生物膜形成是微生物提高抗逆性的重要环境适应机制，现有研究主要集中于防止致病菌和腐败菌生物膜的形成和成膜后的杀灭。如何利用生物膜的这一特性和机制，实现双歧杆菌等有益微生物生物膜的高效形成和定向调控，对活性益生菌的规模化及高效制备具有革新性的理论意义和现实的应用价值。然而双歧杆菌生物膜的成膜规律及调控机制还不清楚。本项目通过建立双歧杆菌基于非水溶性膳食纤维基质的生物膜成膜模型，结合扫描电子显微镜、激光共聚焦显微技术及单细胞力谱，揭示双歧杆菌生物膜基于不同基质的空间构象、结构组分和生长动力学差异性；同时明确基质表面特性和培养条件对生物膜发酵成膜的限制机制；进一步基于多组学联用技术，系统认识双歧杆菌成膜的基因基础和调控网络；结合基因靶向敲除验证，最终阐明双歧杆菌生物膜的成膜调控机制。本项目的实施可以为双歧杆菌生物膜的定向及可控形成提供理论基础，并为实际应用提供理论指导。
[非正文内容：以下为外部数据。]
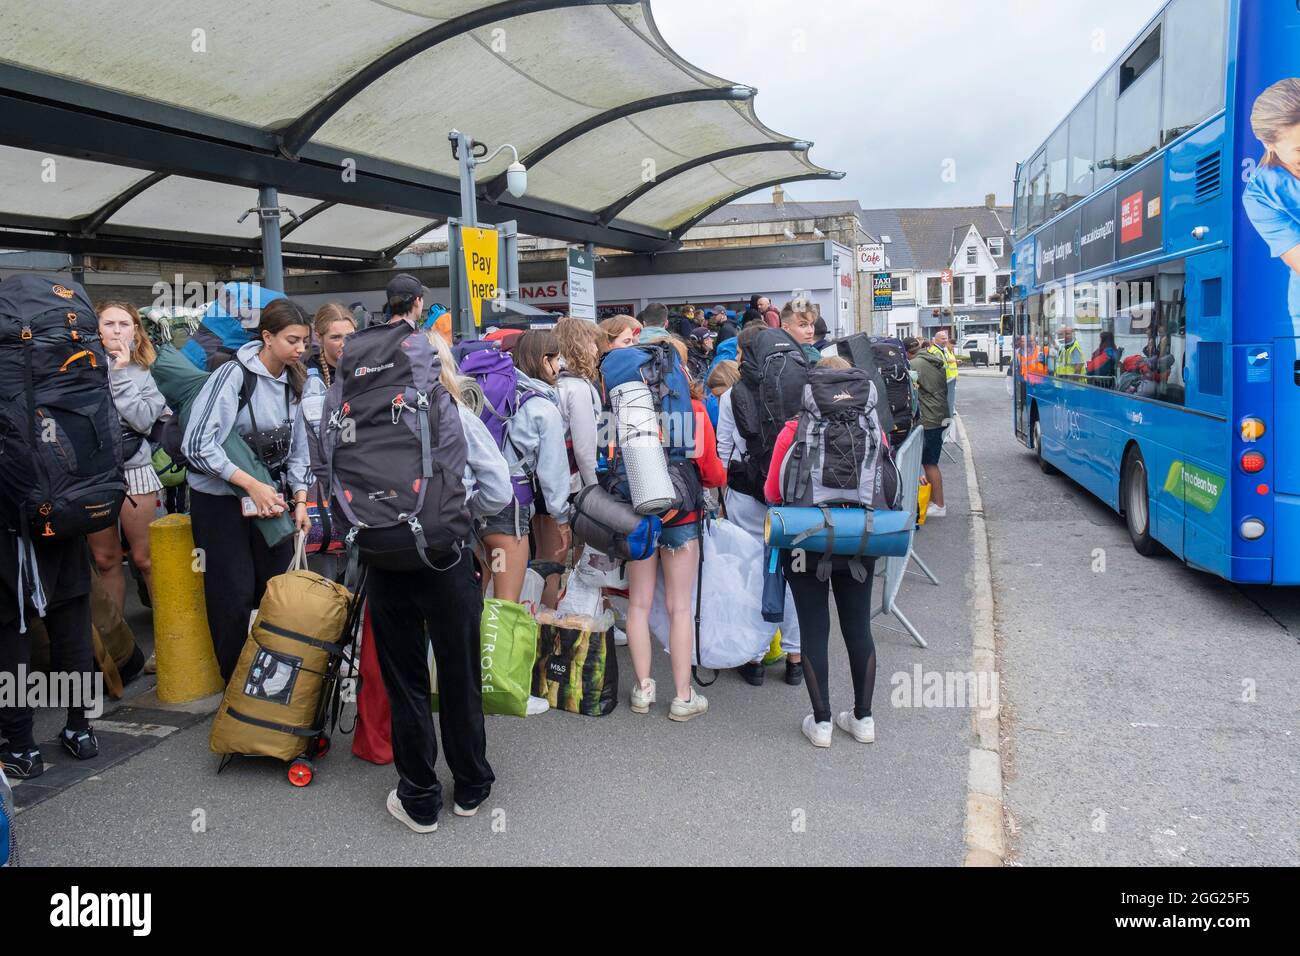 Young Festivalgoers queueing outside Newquay Train Station waiting for buses to transport them to the Boardmasters Festival in Newquay in Cornwall. Stock Photo

双歧杆菌是人们最常食用的益生菌，但在生产加工过程极易死亡。生物膜是细菌提高环境抗性的一种自我保护机制，具有重要的工业应用价值。目前，生物膜发酵体系以孔板静态发酵为主，然而由于成膜面积小且成膜量低，缺乏工业生产潜能。尽管对生物膜已有大量研究，但生物膜形成机制尚未在许多细菌物种中得到充分阐明，对于双歧杆菌尤其如此。本研究以双歧杆菌为研究对象，探究了双歧杆菌生物膜的成膜差异性，并对成膜功能基因进行了挖掘。基于此，本研究构建了双歧杆菌生物膜发酵体系，并研究了双歧杆菌成膜机制，最后使用不同发酵条件进行了生物膜发酵调控。主要结果如下：1）实验涉及114株双歧杆菌的生物膜具有种间和株间差异性，空间结构主要表现为“扁平状”和“蘑菇状”。2）双歧杆菌表面性质与其成膜能力存在相关性，成膜菌株表面疏水性及路易斯酸特性较强。疏水性菌株更易在疏水性材料表面粘附，亲水性菌株更易在亲水性材料表面粘附，表面带正电或电中性的材料更利于菌株的粘附。3）构建了基于非水溶性膳食纤维的双歧杆菌生物膜发酵体系，且发酵条件显著地影响成膜。双歧杆菌在表面粗糙且多孔的葡萄籽粉上成膜能力最强。0.05%胆盐促进多数双歧杆菌的生物膜形成，0.2%胆盐几乎抑制所有双歧杆菌生物膜形成。4）两歧双歧杆菌、假小链双歧杆菌和长双歧杆菌的成膜机制分别主要以QseC/QseB调控、c-di-GMP调控和AI-2/QS调控为主。5）1.0%葡萄糖和pH 6.0可促进双歧杆菌生物膜形成，2 mM苏氨酸可促进两歧双歧杆菌生物膜形成。双歧杆菌生物膜发酵与肽聚糖，氨基酸和有机酸代谢有关。本课题构建了基于非水溶性膳食纤维的双歧杆菌体外动态生物膜发酵体系，有助于系统认识双歧杆菌的成膜机制和调控网络。本课题既可以为双歧杆菌生物膜的定向及可控形成提供理论基础，也以为益生菌生物膜机制研究提供思路进而推动益生菌生物膜产业的发展。